Warm-up is the most crucial moment. Just running and pedaling is the most useless way to warm up before a squat. Cardio is done for no more than 5 minutes, then a series of glute bridges with support on a bench is performed without weights, a series of lunges with the right and left legs, and several sets of squats without weight. Then, from an empty bar, they rise to the working weight from approach to approach, increasing the weight. The step is individual.

Leg exercises. Squats.

Nuances and tips for performing squats with a barbell

Let's consider several important nuances when performing squats with a barbell.

Selection of projectile weight

There is a rule that must be followed when selecting weights: to build muscle mass, you will need 6-13 repetitions for each approach, and the last two times should be done on failure.

Let’s say that 10 repetitions per set is enough for a beginner athlete. First you need to perform the correct technique with a weight of 50 kg, if failure occurs on the 8th repetition, then everything is correct. If all 10 reps were easy, then this is not your working weight, you need to add another 5 kg on each side. Thus, by increasing the weight, failure should occur on the 8th rep.

Barbell movements

Movements with the barbell must be carried out carefully and without strain; it is important to keep your back straight and not bring your knees beyond the line of your toes at the bottom of the squat, otherwise your knees will be injured.

The barbell is placed just above the collarbones, you need to go up and in one movement stand under it, place it on the lower part of the trapezius muscle. The main thing is not to rush and do everything very carefully.

Breathing while doing the exercise

If the squat is done with a small weight, then you need to breathe smoothly and evenly. Don't hold your breath. Inhale as you lower into the squat and exhale as you come out of it.

For heavy weights you need to use a special technique. Before starting the squat, inhale 80% of the maximum and hold it. Then sit down while holding your breath and exhale only at the very end, when you get up. This creates pressure in the peritoneum and protects the spinal column from heavy load on it.

How to determine the number of squats in a set

In general, there is no ideal number of repetitions that must be done in training. Beginners should start with 8-13 repetitions, and then optimize their number: increasing or decreasing, focusing on their feelings.

The main thing for effectiveness is to choose the right weight for the exercise.

Is insurance required?

Very often, beginners, when they find themselves in the gym for the first time, are embarrassed to ask for help from a coach. There are many places where you can do without insurance, but in the squat with a barbell it is very necessary! Especially when working with heavy weights.


Never work with a barbell alone - it's dangerous!

If squats are performed in a rack, then you can install limiters that will help you rise and take on the weight of the barbell if the athlete himself cannot.

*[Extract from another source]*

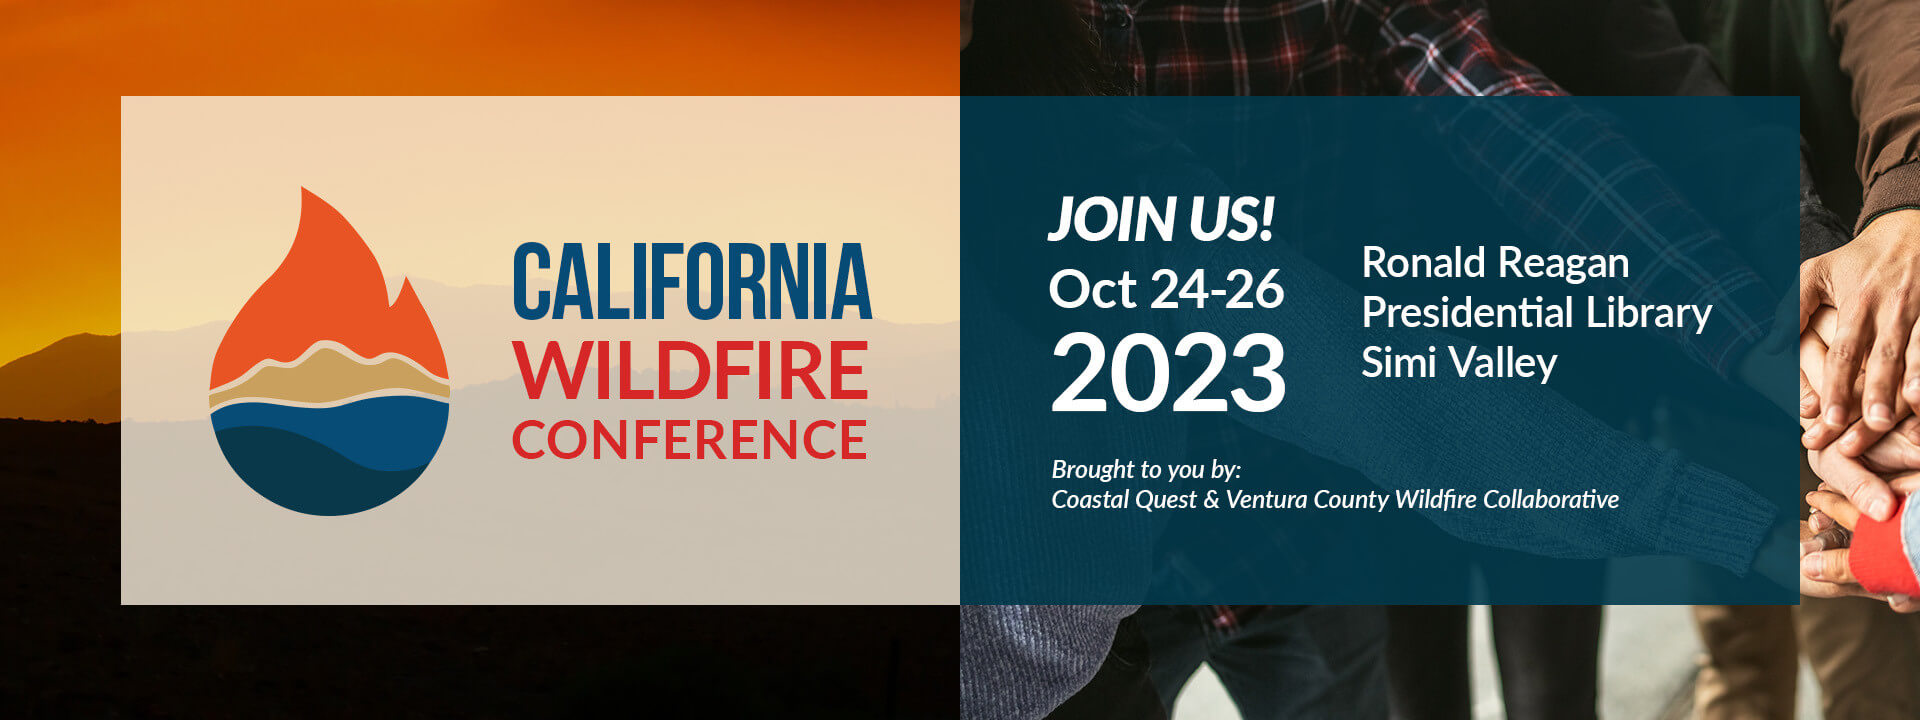 California Wildfire Conference October 24-26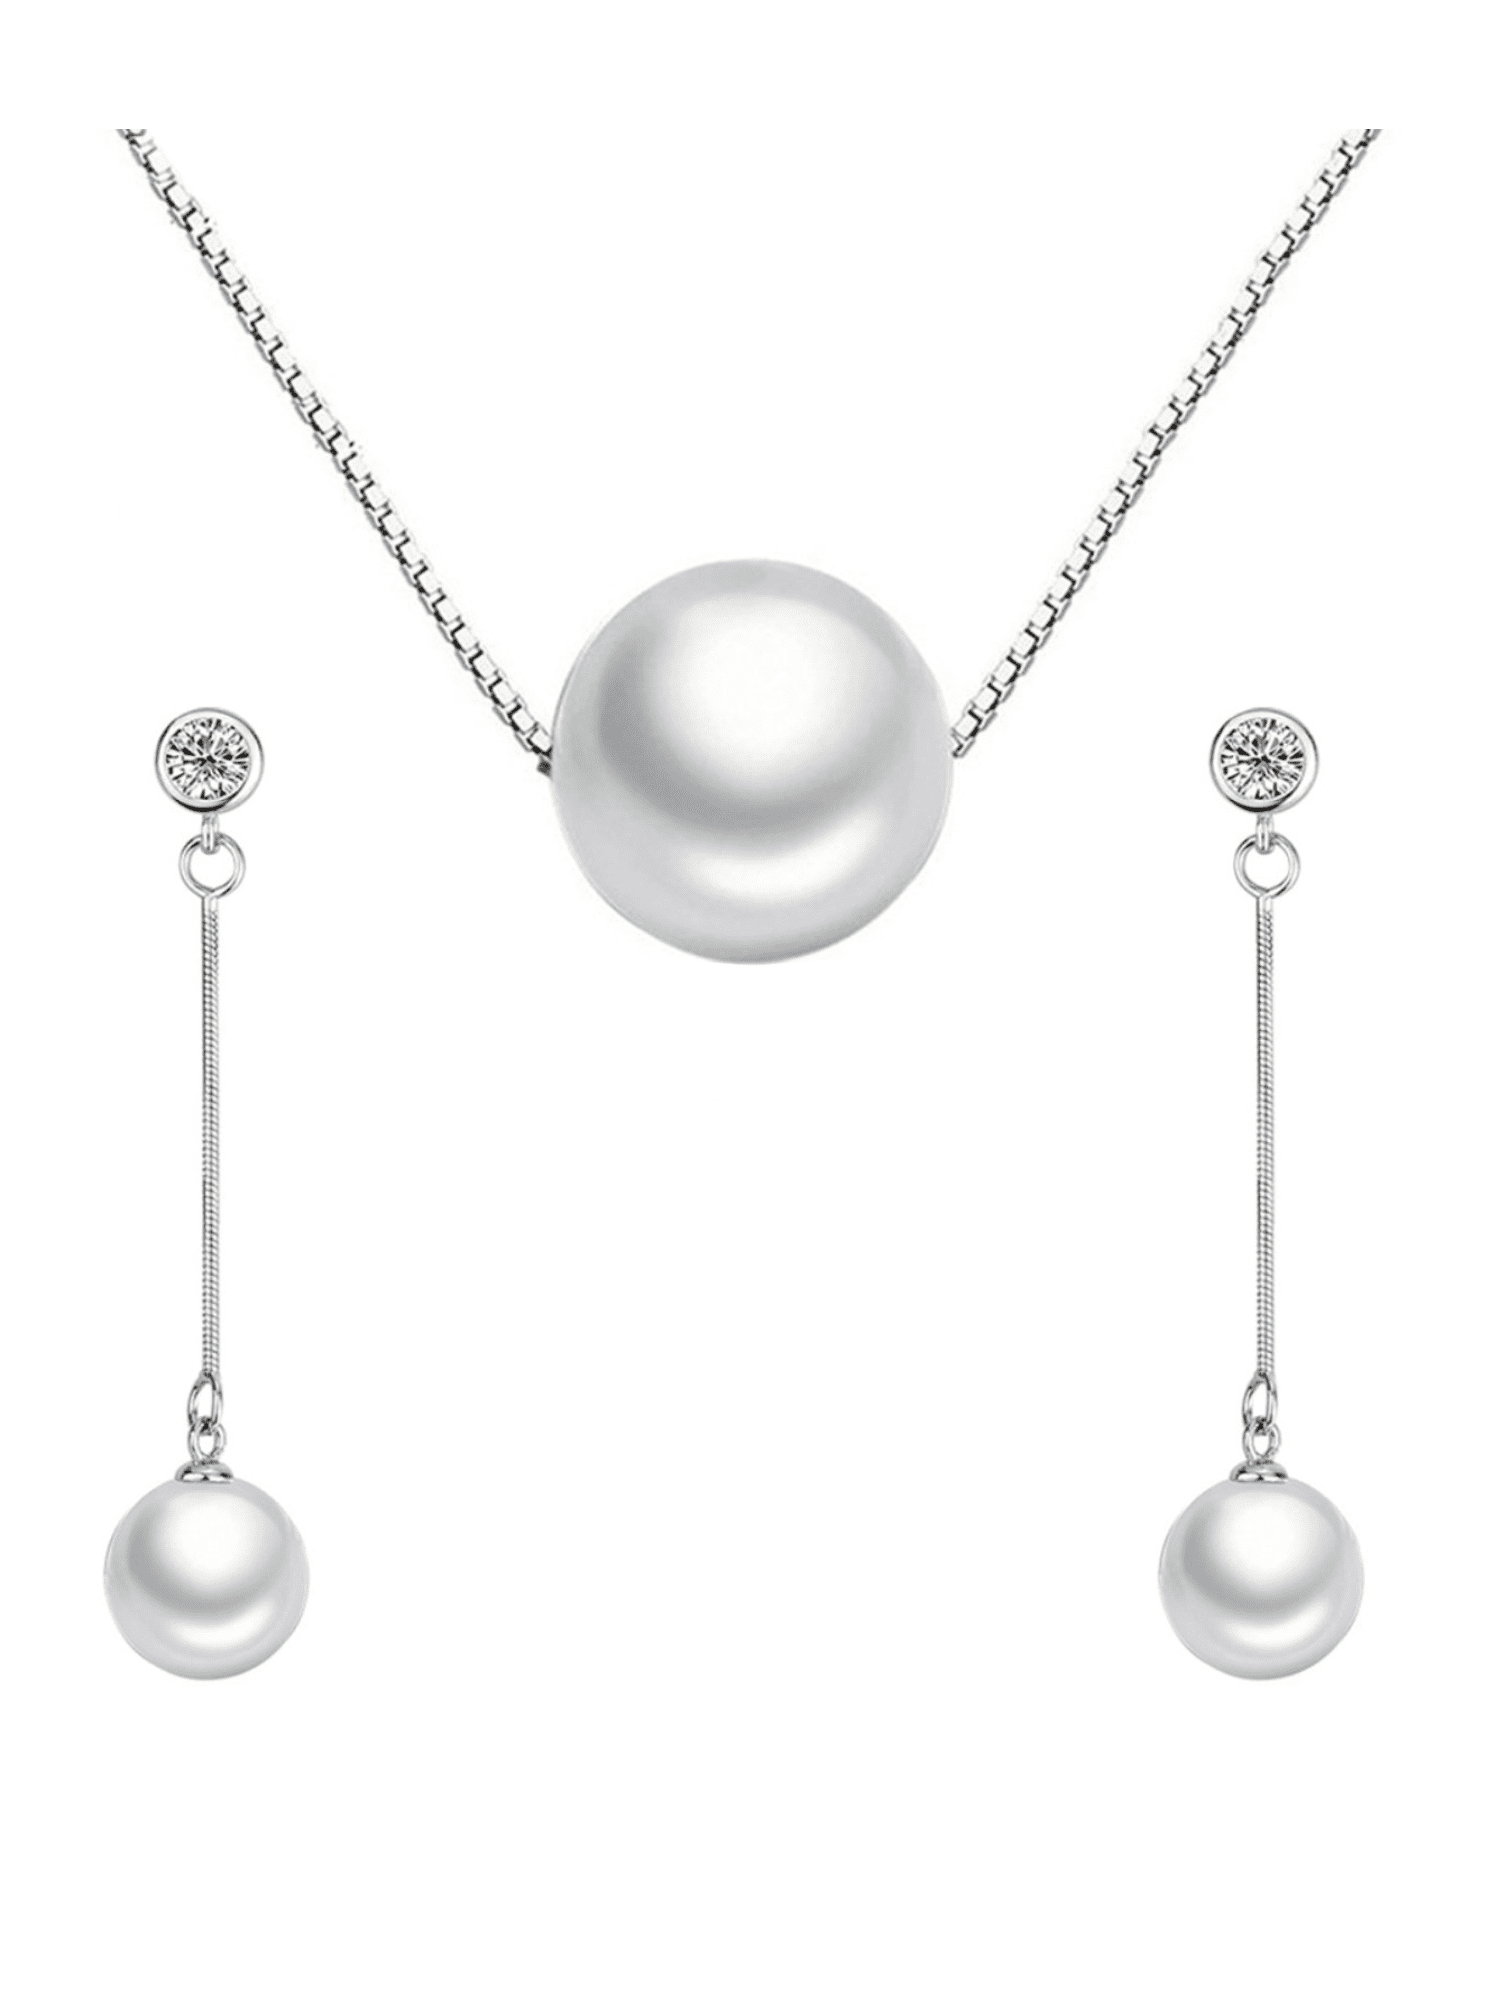 EVER FAITH 925 Sterling Silver CZ AAA Freshwater Cultured Pearl Elegant Bride Necklace Earrings Set Clear

What to do if the squat is not in the rack? It's simple. You need to ask for help from a strong guy who will stand behind you and provide backup during the exercise. As soon as the athlete gets tired and cannot get up, he will pick up the barbell. Insurance is especially needed on the last repetitions, which makes the training most effective.

Should you include exercise in your daily routine?

To grow muscle mass, you need to perform from 5 to 15 approaches per week. Thus, you can squat with a barbell 2-3 times a week for 5-7 approaches. It is important to alternate types of squats: sumo, overhand, front and back. This will pump each muscle group evenly and reduce the load on the spine.

How to choose weight

Some exotic methods of selecting weights are not for squats. This is not a failure exercise, at least not until the person can control his or her body position in any state of fatigue. Repetitions are done from 3 to 12, sometimes more, this is determined by the level of the athlete and the purpose of the training.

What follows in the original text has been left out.